As much as I admire the petite perfection of professionally produced patisserie, I retain a soft spot for old-fashioned home baking. Apart from the gratifying results, the hands-on process of working with butter and flour, and filling the house with the scent of warm sugar and spice, can make you feel good about the world in a way no other form of cooking can. Which is probably why I bake so often. Most of it, even when the recipe involves yeast, is much easier than we are often led to believe. A doddle in fact.
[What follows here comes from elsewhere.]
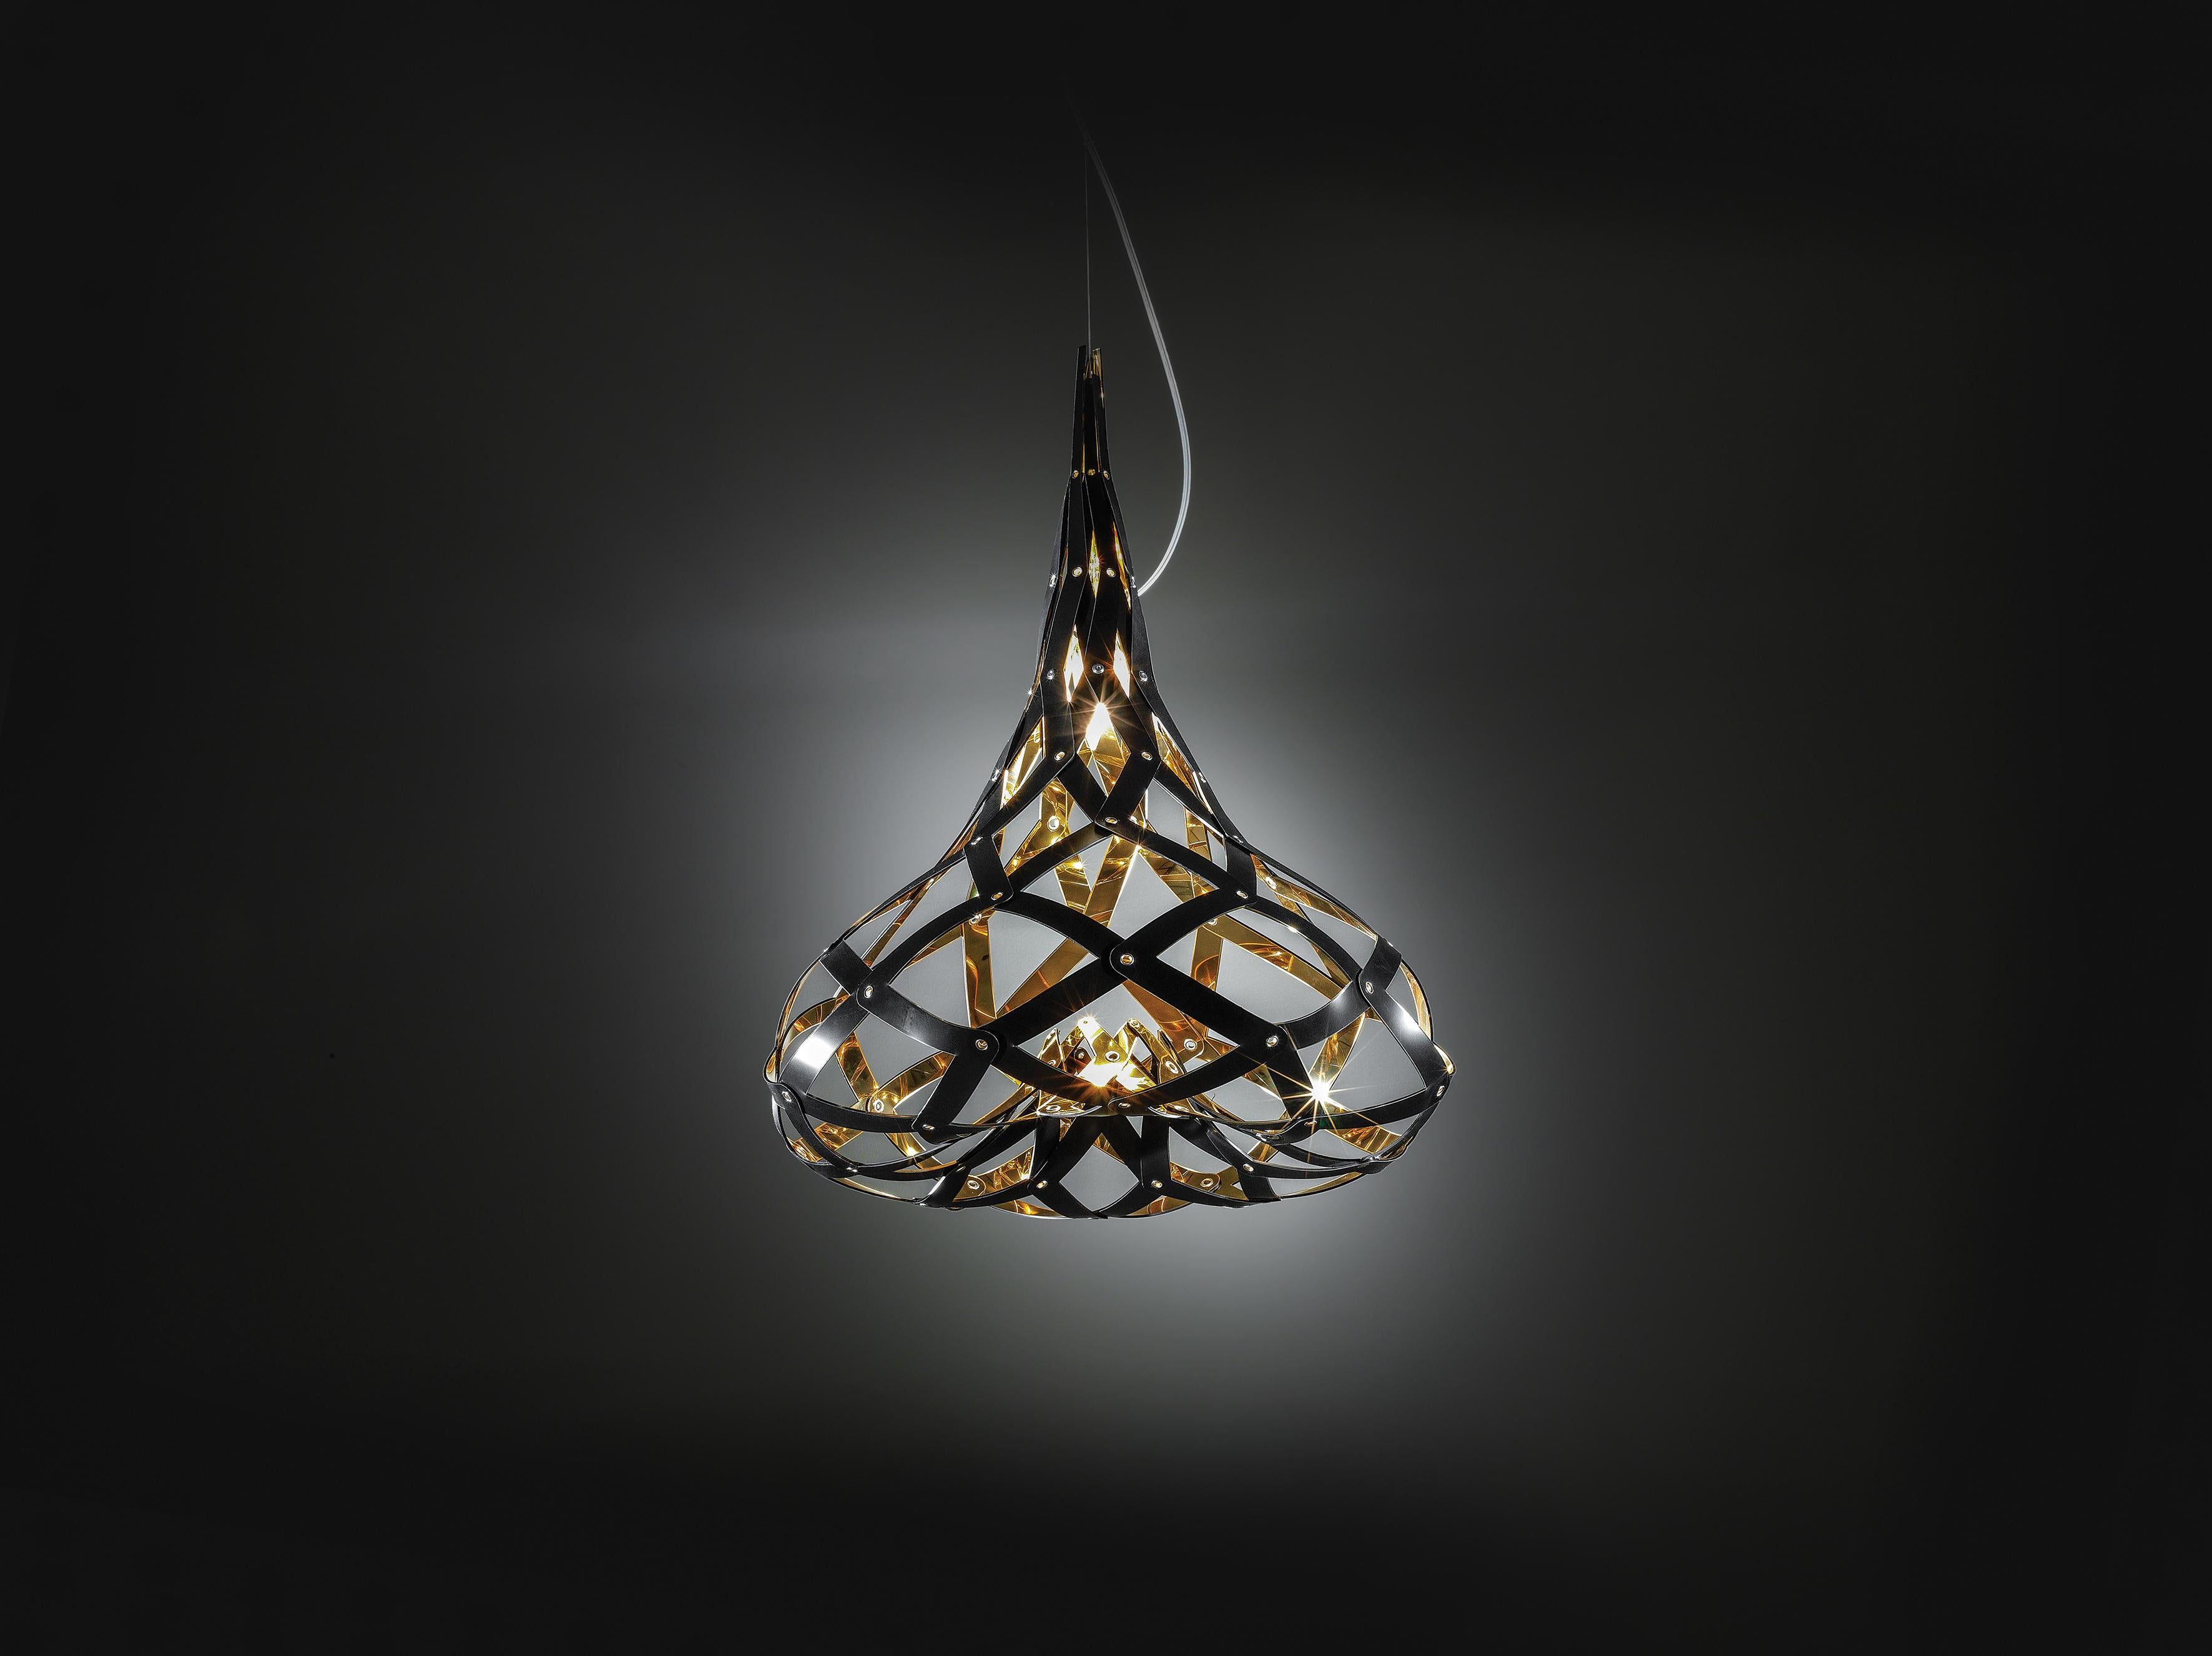 Legendary, splendid, and captivating, with a shape that conjures up images of an alchemist’s vials, this lamp brings a touch of magic to any interior. Its almost invisible cable adds to the enchantment, and when seen from below, it resembles the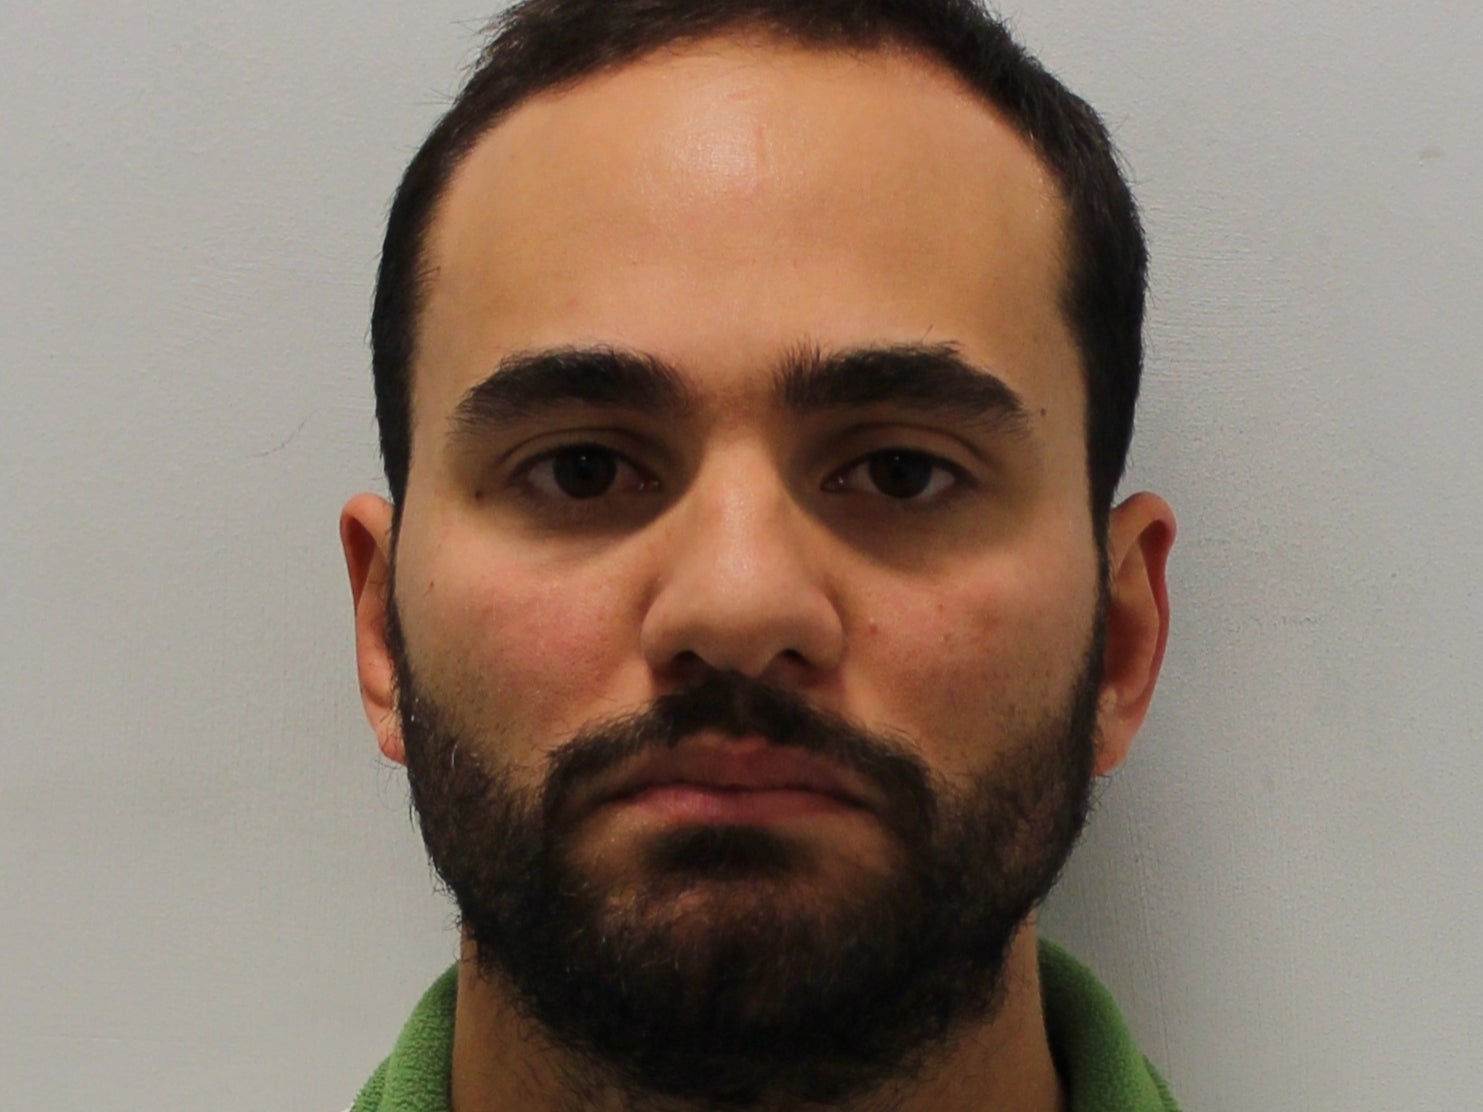 PC Isaque Rodrigues-Leite has been jailed for two years and three months

Dried cherry and apricot buns

Scandinavia has an extraordinary range of bun goods, often more spicy and moist than our own Chelsea and Bath buns. Their home baking is typically scented with cardamom and cinnamon, spices I need no encouragement to use. These plump little buns are easy to make, and, for a recipe that contains yeast, exceptionally good-natured. They take a while to prove, so I tend to make them on a day on which I am at home doing something else, letting their slow rising fit around my other jobs. Makes 18-20

flour - 500g
easy blend yeast - 1 x 7g sachet
green cardamom pods - 10
semi-skimmed milk - 310ml
butter - 65g
light muscovado sugar - 65g
dried cherries - 100g
soft dried apricots - 150g
cinnamon - 1 heaped tsp
egg - 1, beaten with a little milk
runny honey - 4 tbs

Sift the flour with a generous pinch of salt into a large mixing bowl. Stir in the yeast. Crack open the cardamom shells, pull out the black seeds and grind them to a fine powder. A pestle and mortar will be useful here. Add them to the milk then warm it gently in a small saucepan. Test it with your finger - it should be slightly hotter than body temperature. Pour the milk into the flour and yeast and stir, then mix to a soft ball of dough with your hands.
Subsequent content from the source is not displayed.